It’s debatable which is harder: scoring a ticket to a Broadway performance of Hamilton, which just garnered a record-setting number of Tony nominations, or solving the healthcare interoperability challenge. We can’t work magic for the play, but this week’s HIT List does offer some insights on interoperability progress — along with updates on other trendy topics.

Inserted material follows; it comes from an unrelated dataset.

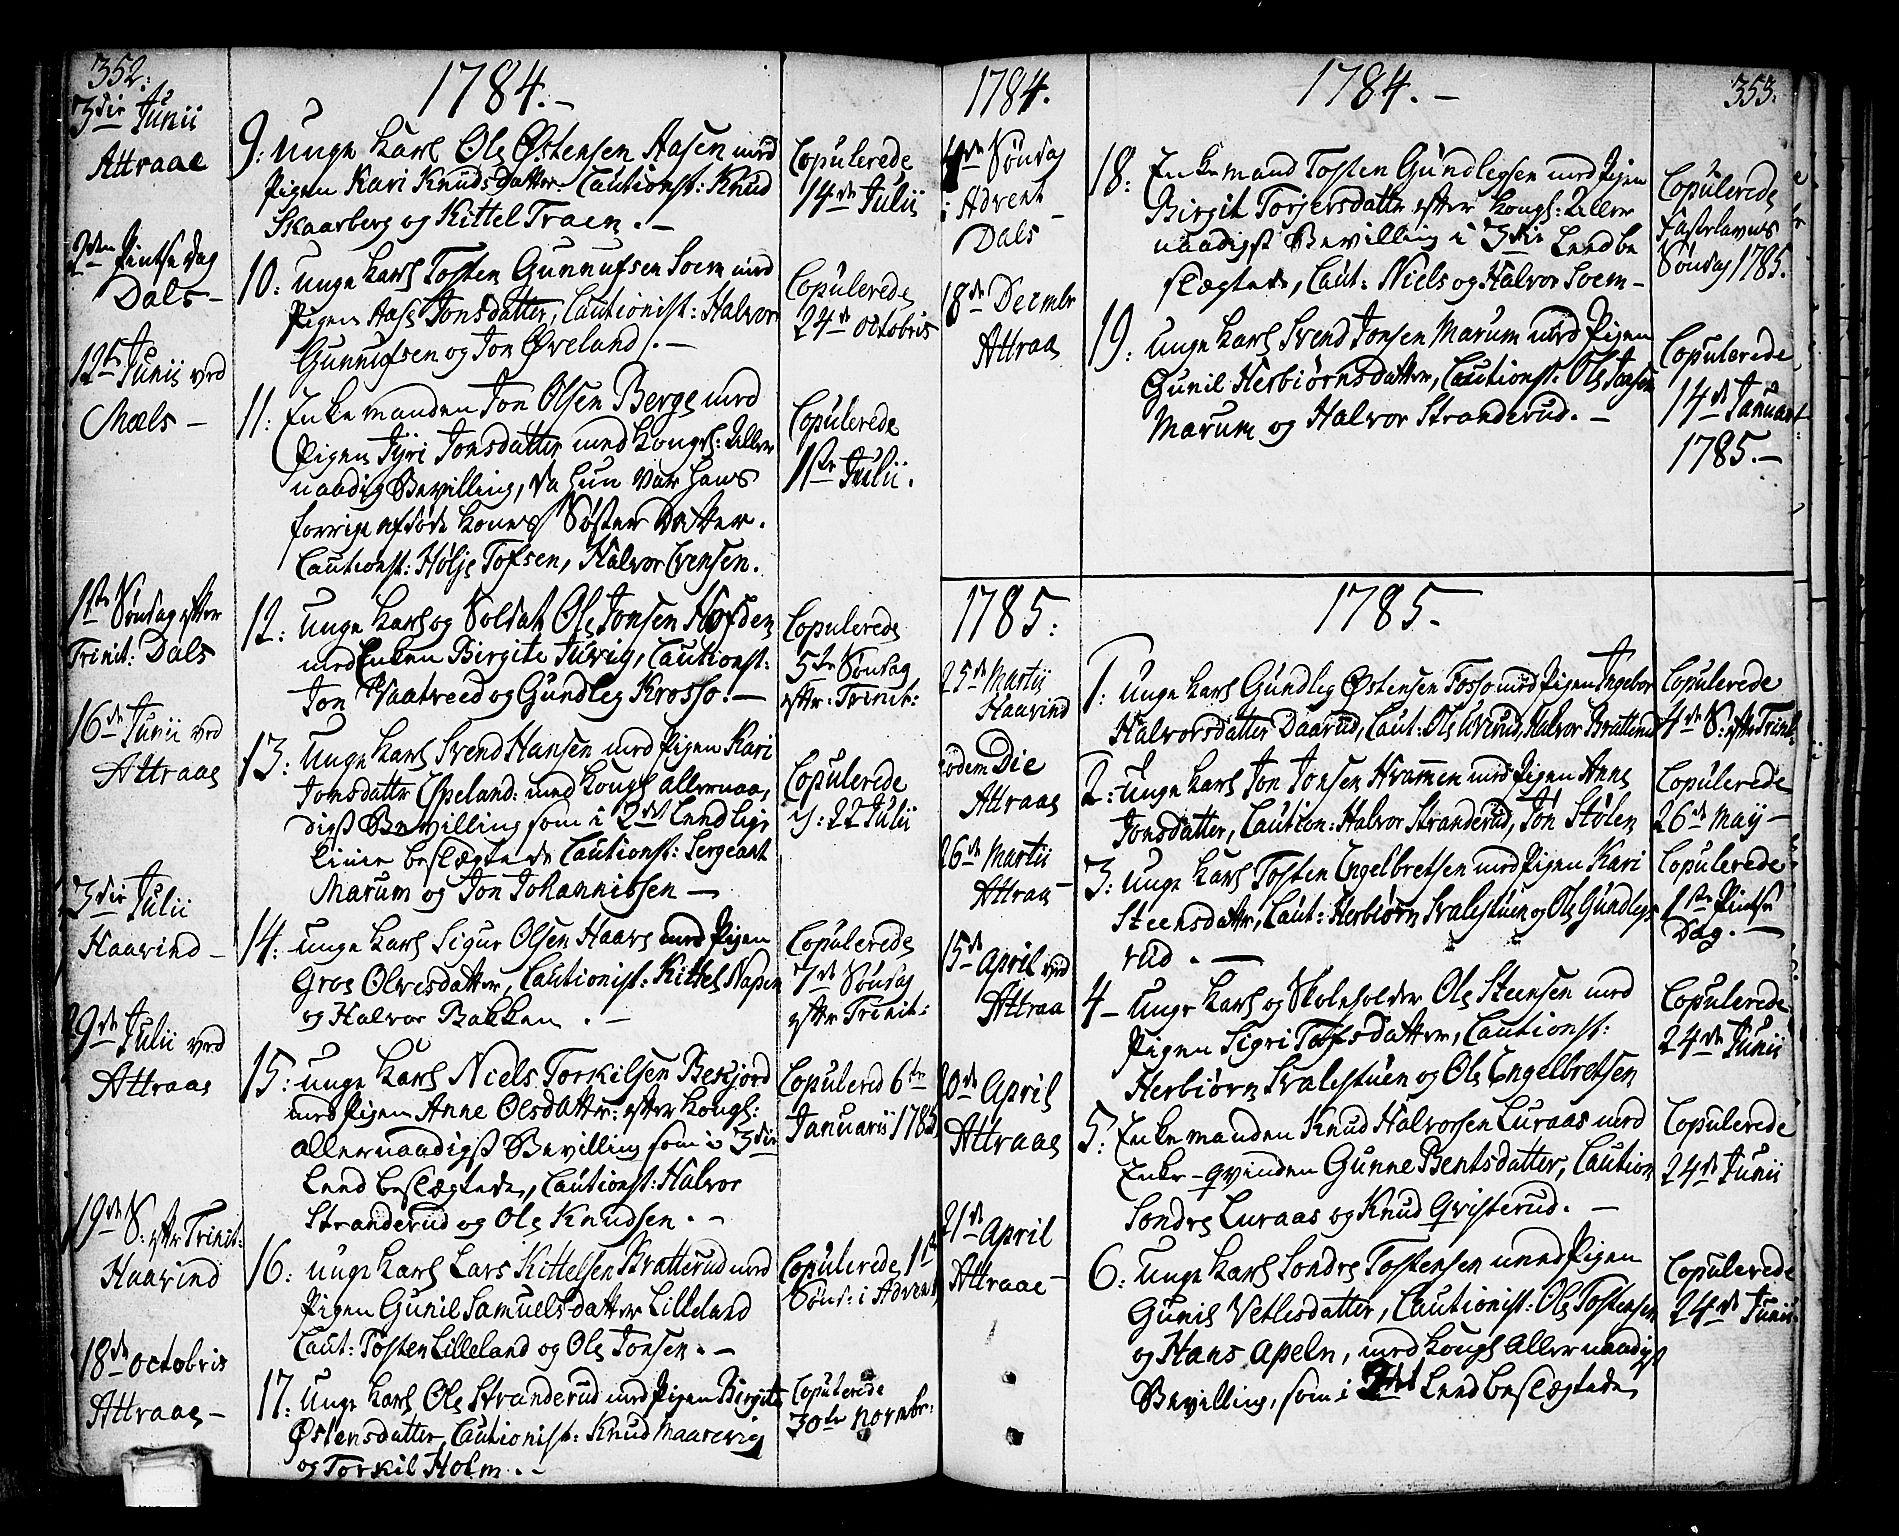 SAKO, Tinn kirkebøker, F/Fa/L0002: Ministerialbok nr. I 2, 1757-1810, s. 352-353

  1. Interoperability workarounds. Despite continuing aggravation about lack of interoperability, plenty of baby steps are being taken toward making data accessible by those who need it, which everyone agrees is absolutely essential to value-based care. For one, the largest EHR developers have promised HHS they will follow nationally recognized standards in future development and prevent information blocking. For another, large health systems are taking on the interoperability task internally, and public-private HIEs are connecting organizations in some states. Maybe one day, sooner than later, EHRs really will play well with others.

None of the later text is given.